INFORMATION SUPPLIED:
:::

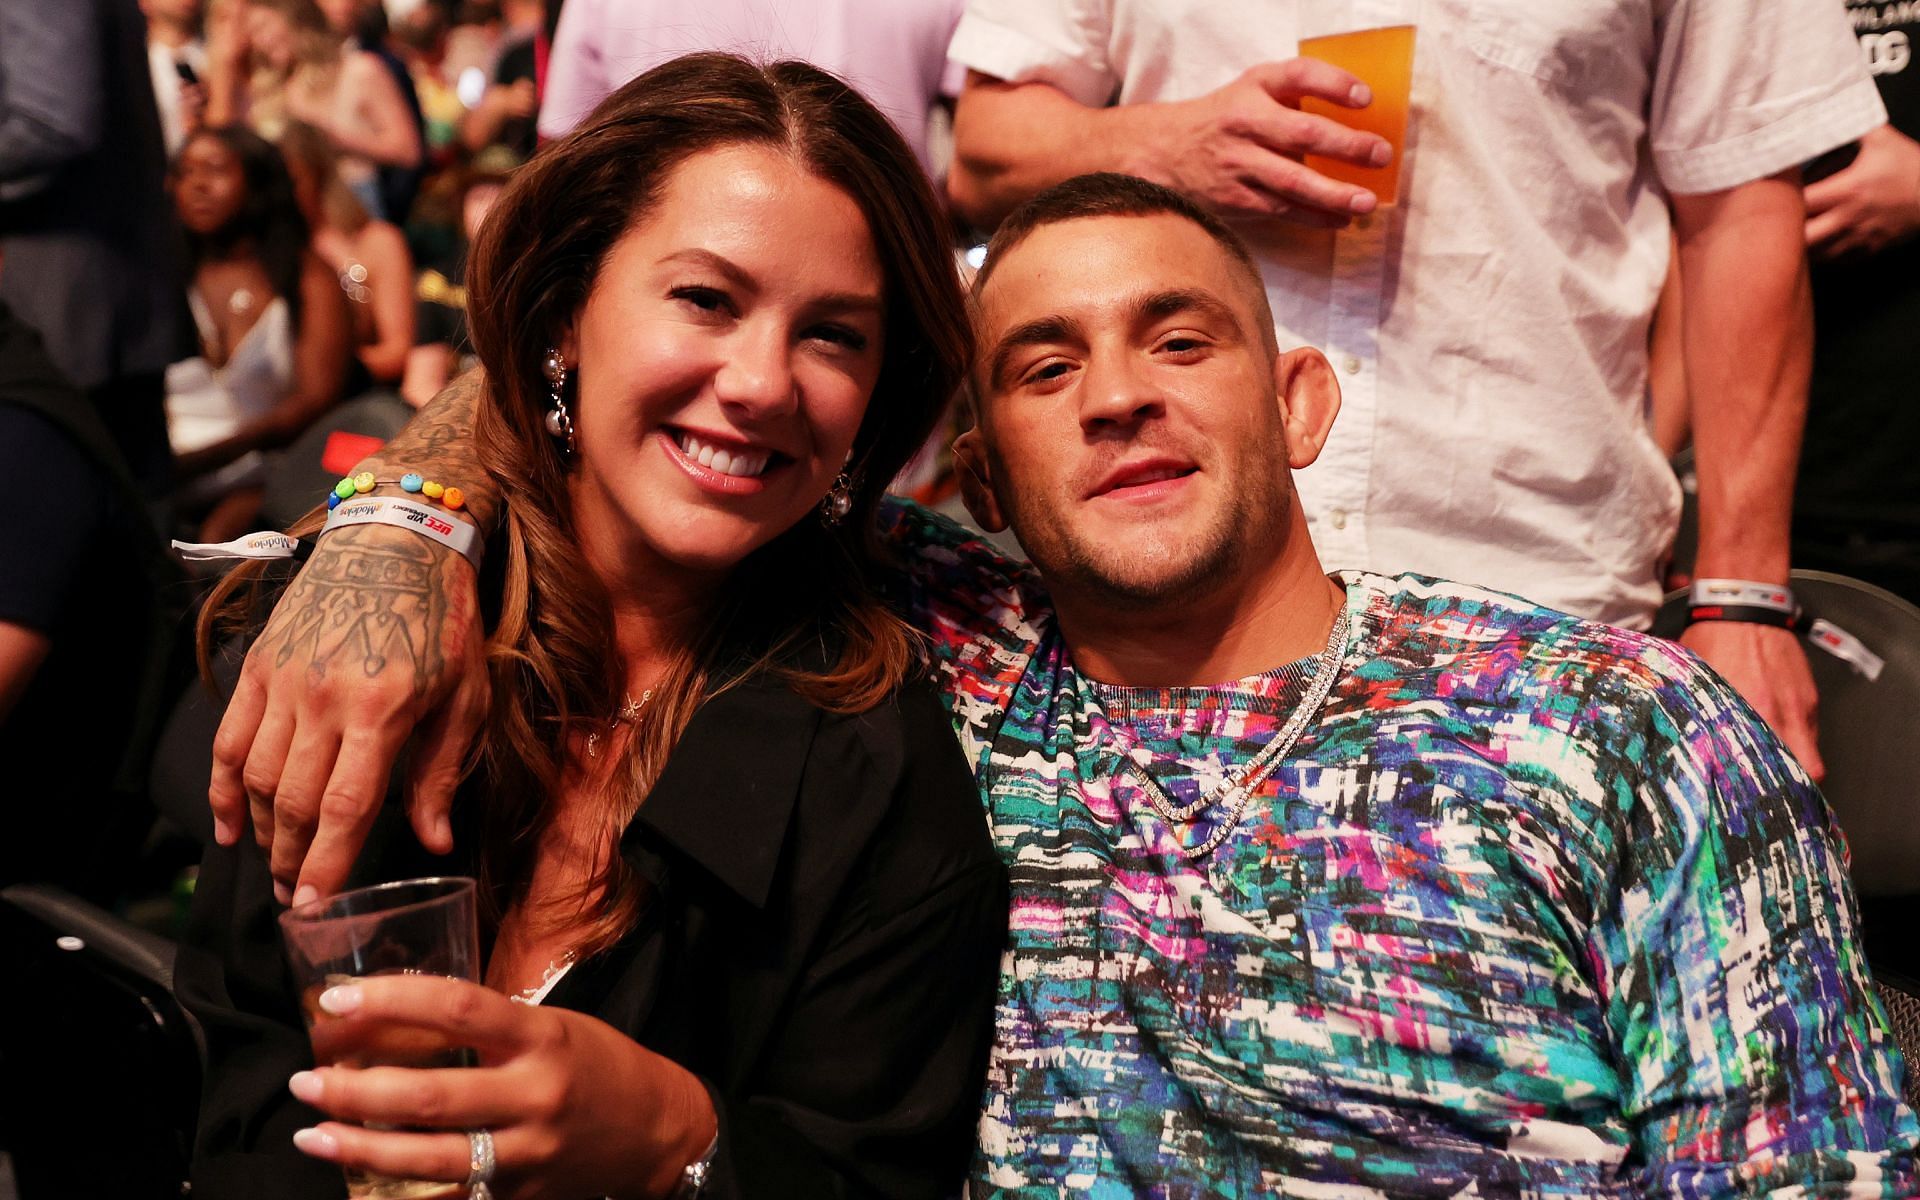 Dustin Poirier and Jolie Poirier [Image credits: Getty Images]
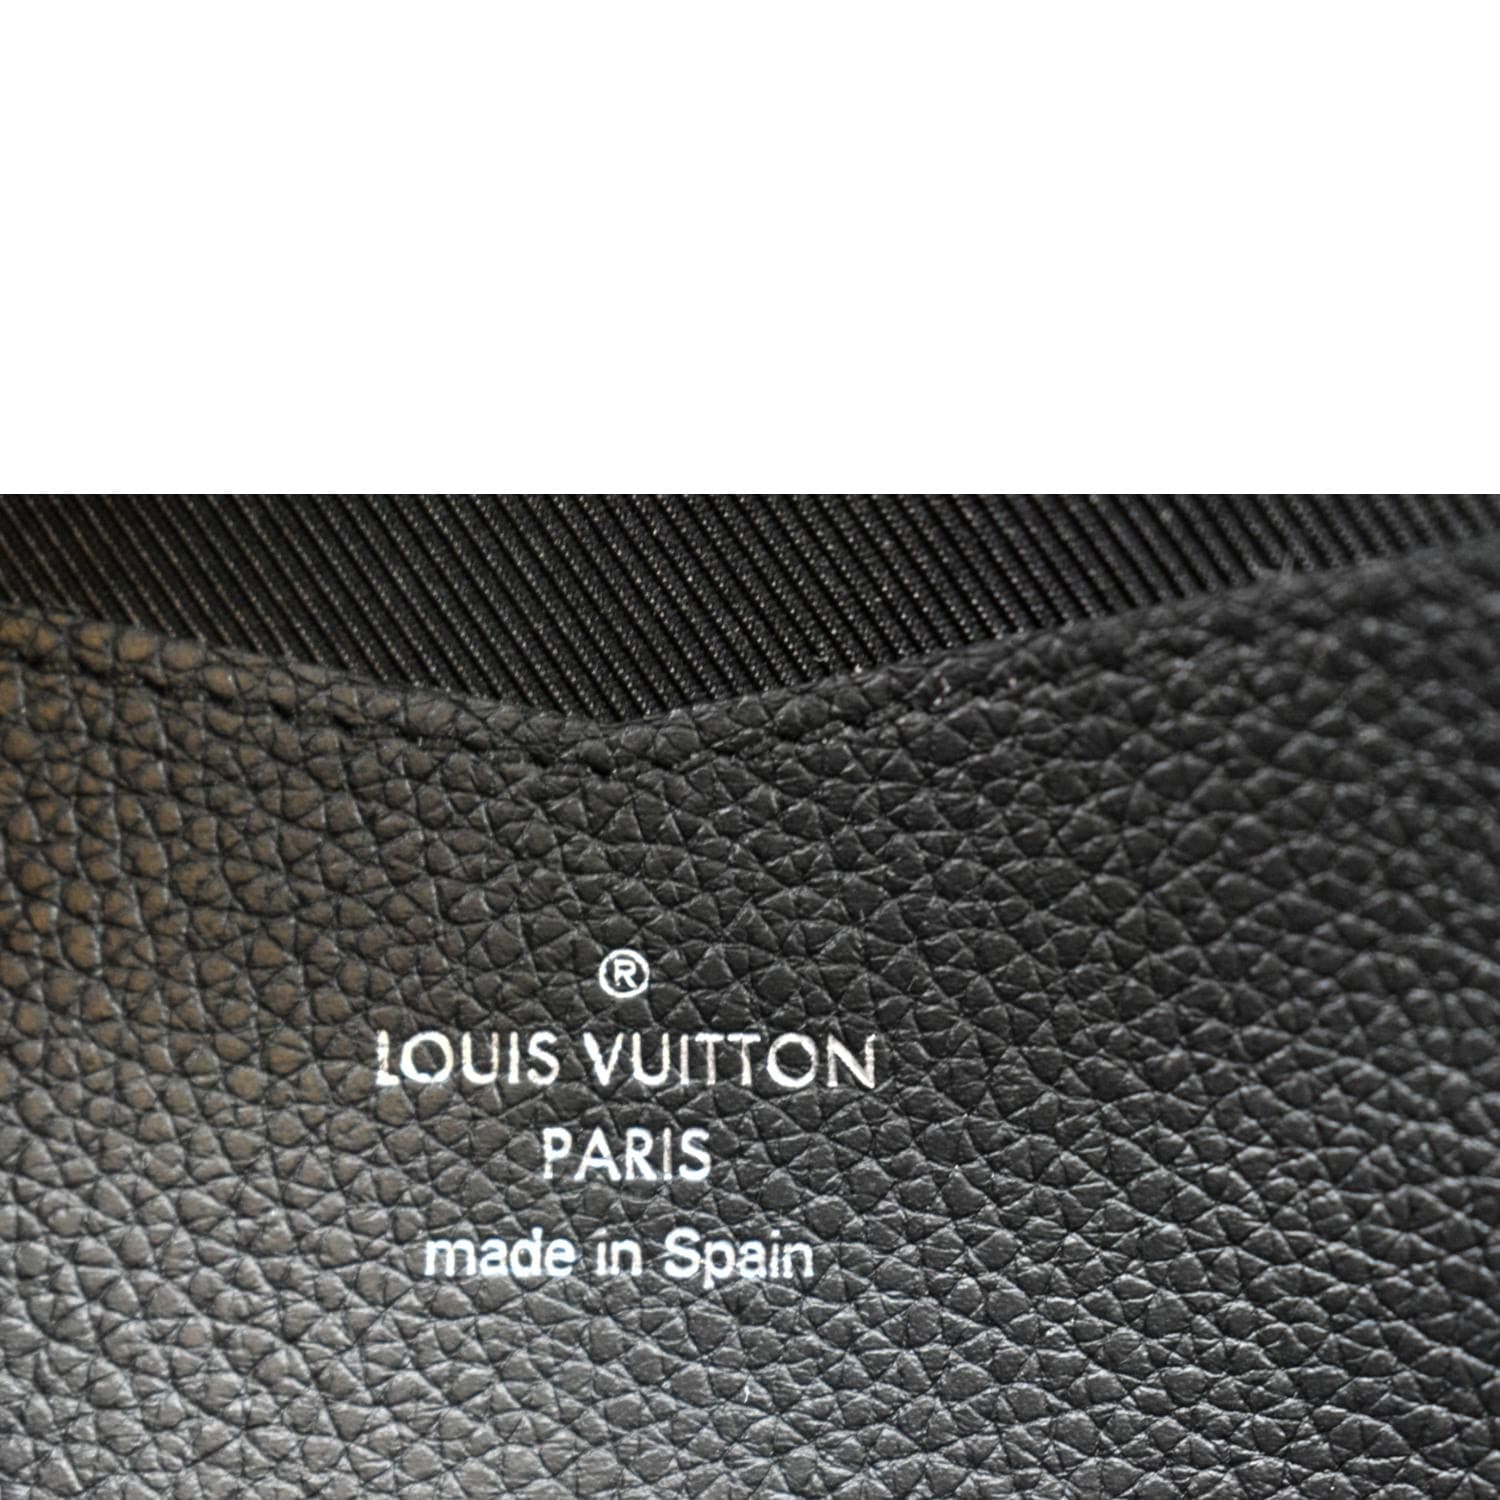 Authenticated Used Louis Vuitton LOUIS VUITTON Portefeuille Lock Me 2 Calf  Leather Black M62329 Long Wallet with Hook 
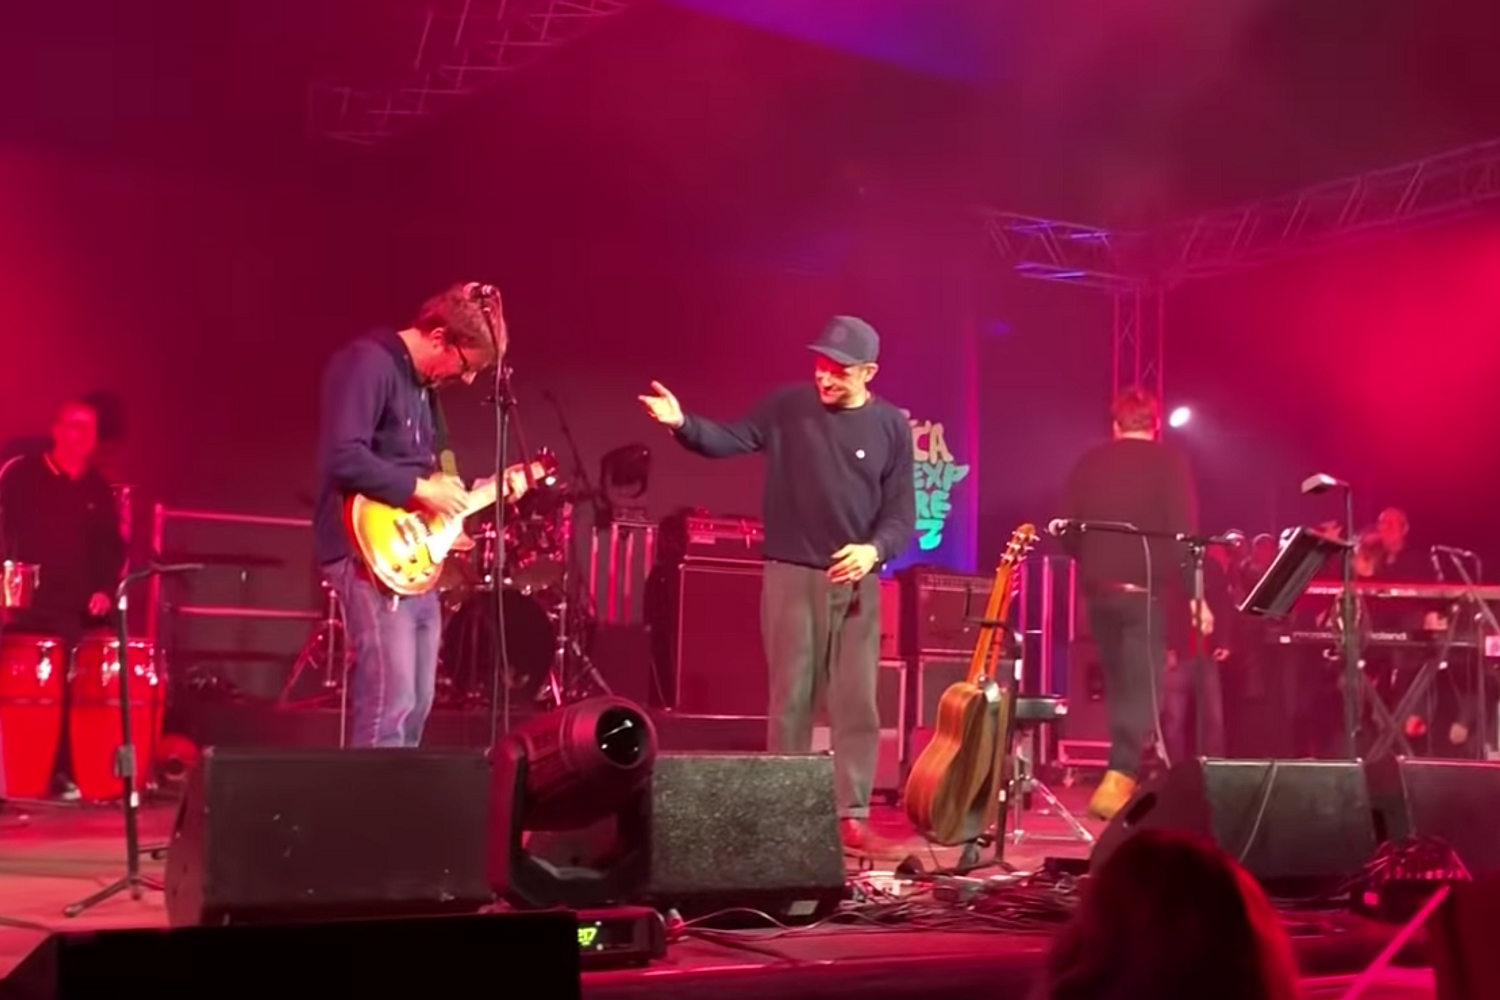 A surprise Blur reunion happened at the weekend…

:::

WHAT YOU WILL DO:
Every line of the data should be transcribed exactly. Omit the images.

RESULT FOR THIS EXERCISE:
 Dustin Poirier and Jolie Poirier [Image credits: Getty Images]
 Authenticated Used Louis Vuitton LOUIS VUITTON Portefeuille Lock Me 2 Calf  Leather Black M62329 Long Wallet with Hook 
 A surprise Blur reunion happened at the weekend…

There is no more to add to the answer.